* DATA SEGMENT *

————

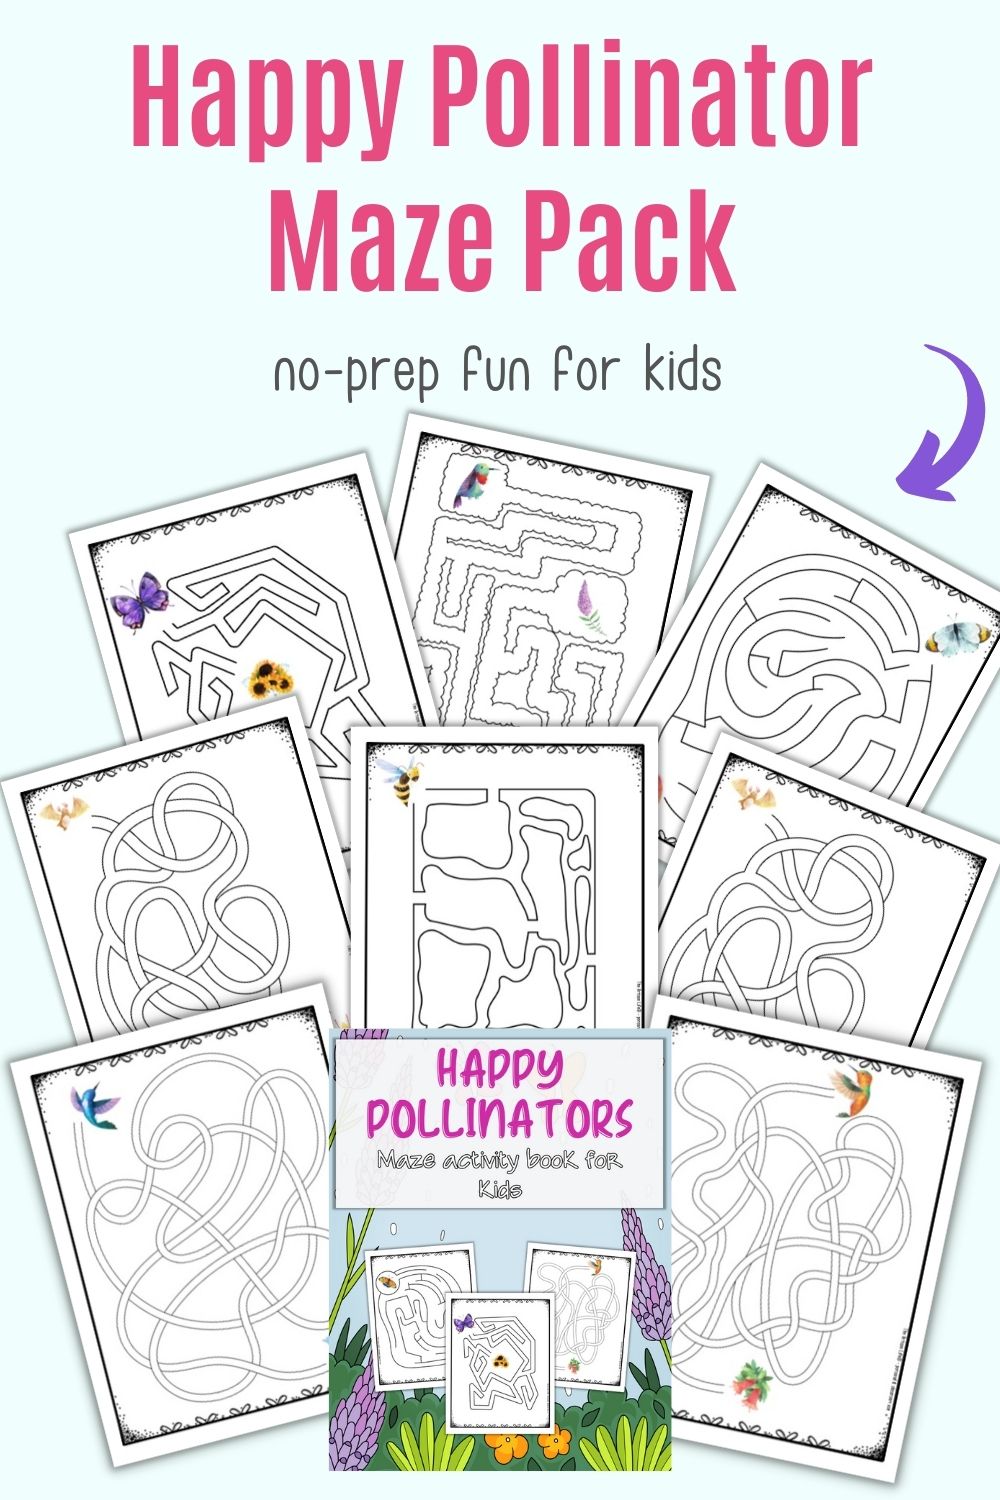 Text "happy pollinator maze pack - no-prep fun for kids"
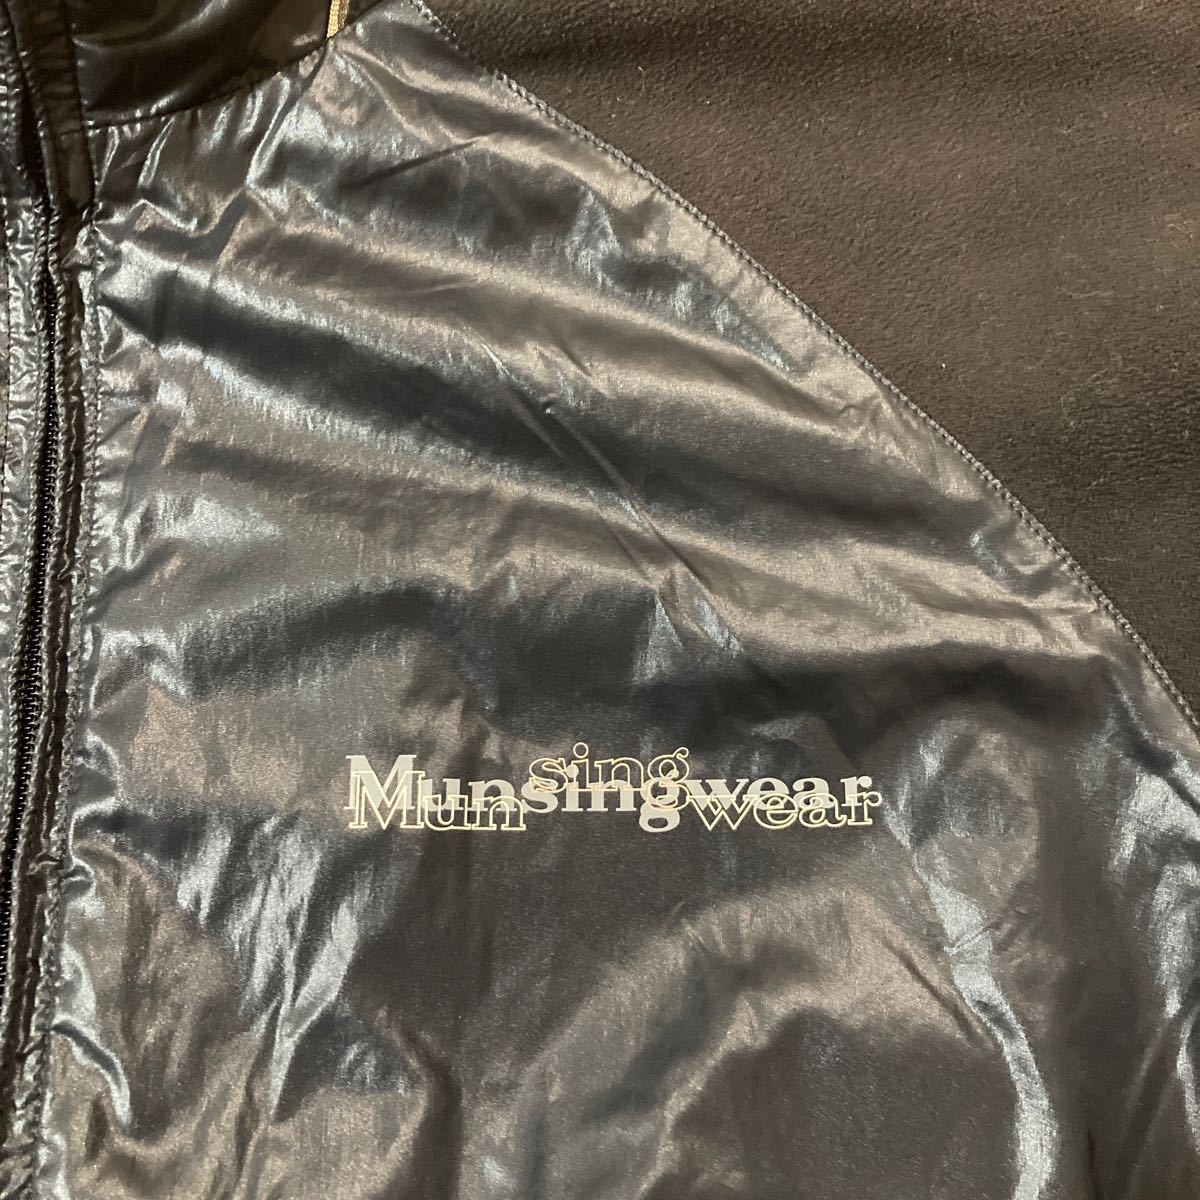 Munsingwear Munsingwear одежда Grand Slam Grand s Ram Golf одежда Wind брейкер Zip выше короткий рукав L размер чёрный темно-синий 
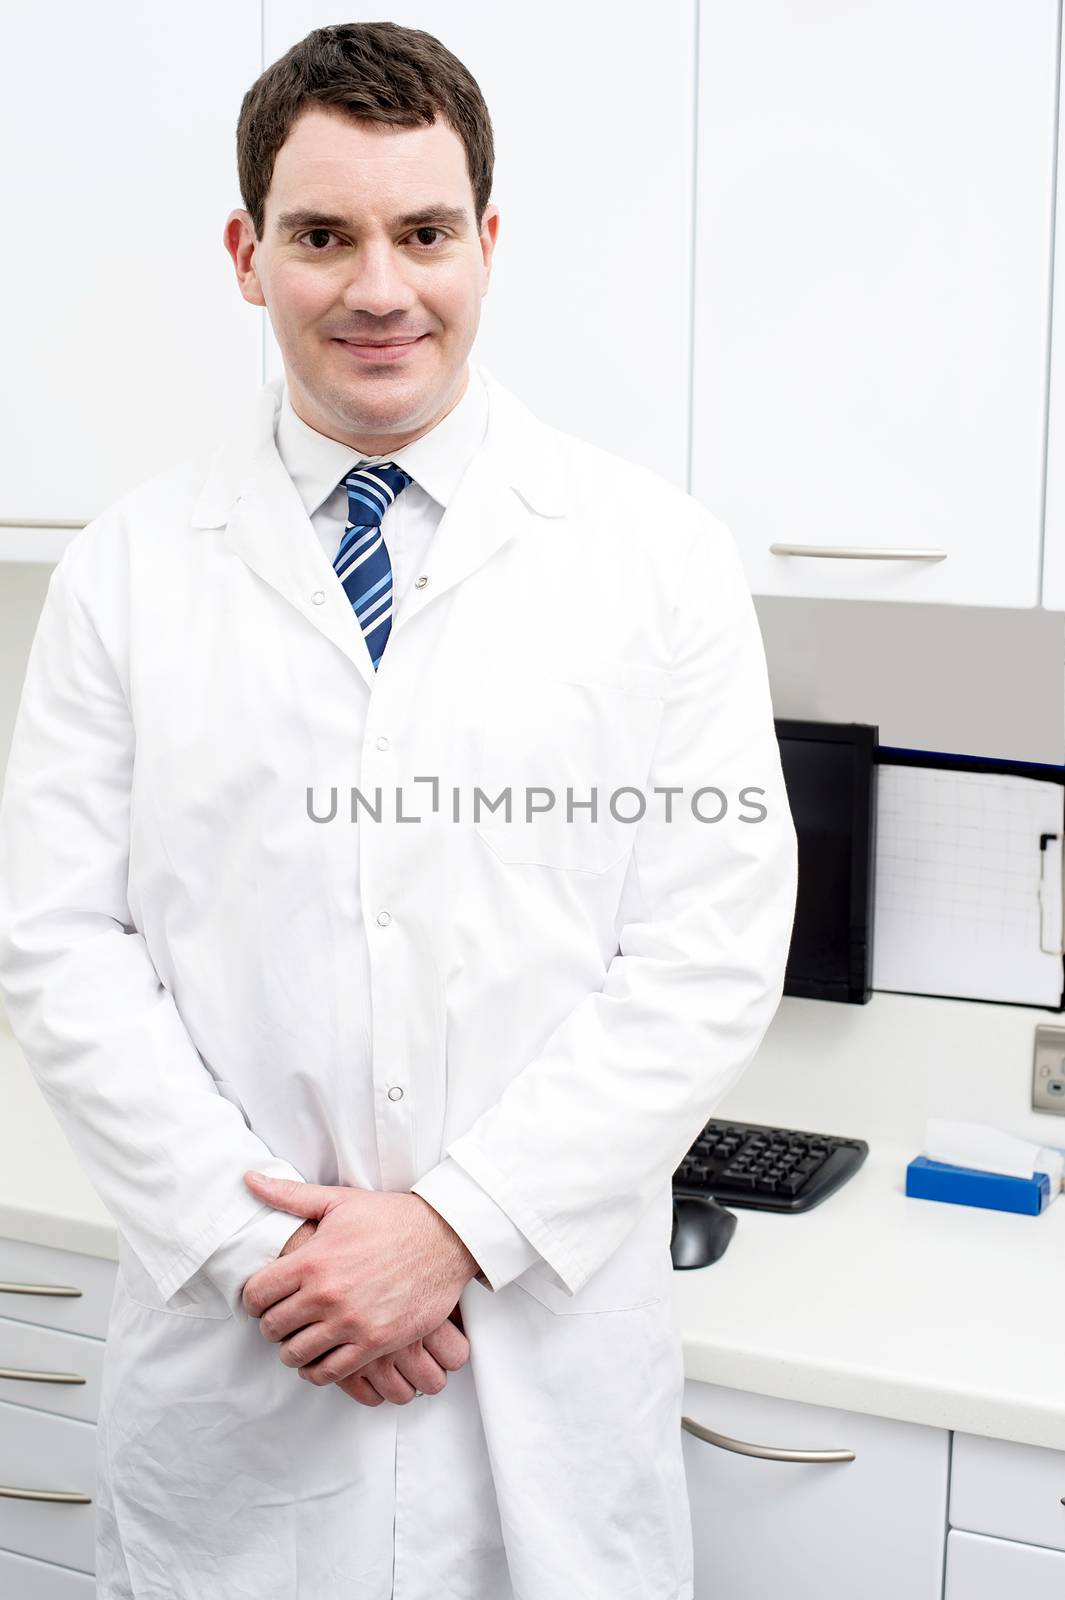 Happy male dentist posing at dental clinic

————

* ASSIGNED TASK *
Return the whole listing word for word. Pictures stay out of it.

* TASK ANSWER *
 Text "happy pollinator maze pack - no-prep fun for kids"
 Munsingwear Munsingwear одежда Grand Slam Grand s Ram Golf одежда Wind брейкер Zip выше короткий рукав L размер чёрный темно-синий 
 Happy male dentist posing at dental clinic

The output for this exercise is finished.